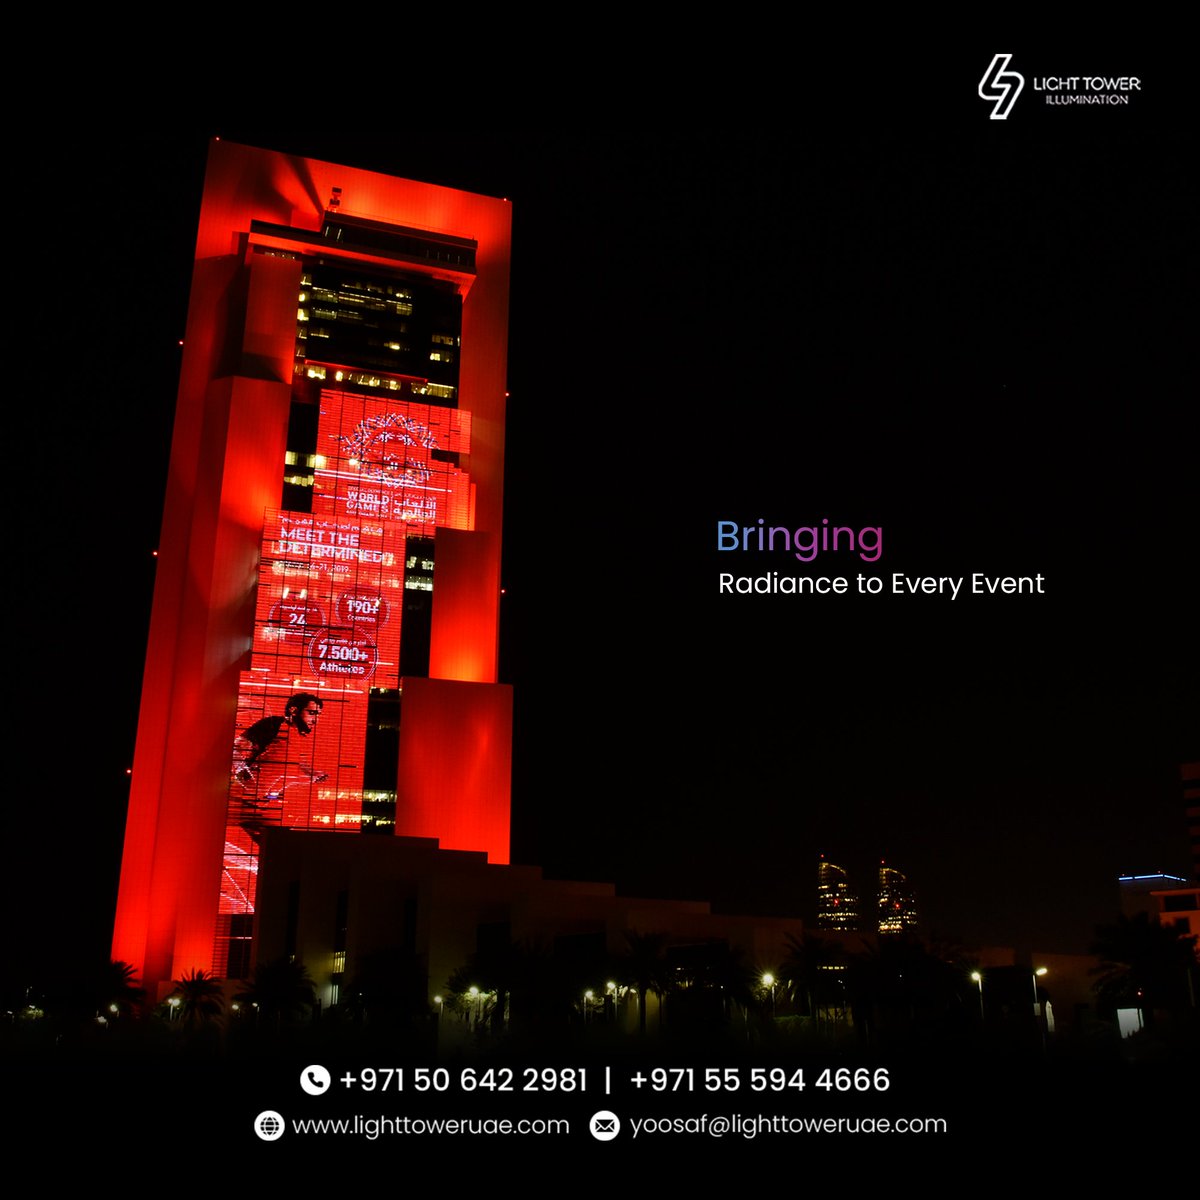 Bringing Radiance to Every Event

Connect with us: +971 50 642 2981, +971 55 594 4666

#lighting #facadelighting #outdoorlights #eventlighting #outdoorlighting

**EXERCISE:**
Skip the images and write out the rest of the listing exactly.

**TASK RESULT:**
 Bringing Radiance to Every Event

Connect with us: +971 50 642 2981, +971 55 594 4666

#lighting #facadelighting #outdoorlights #eventlighting #outdoorlighting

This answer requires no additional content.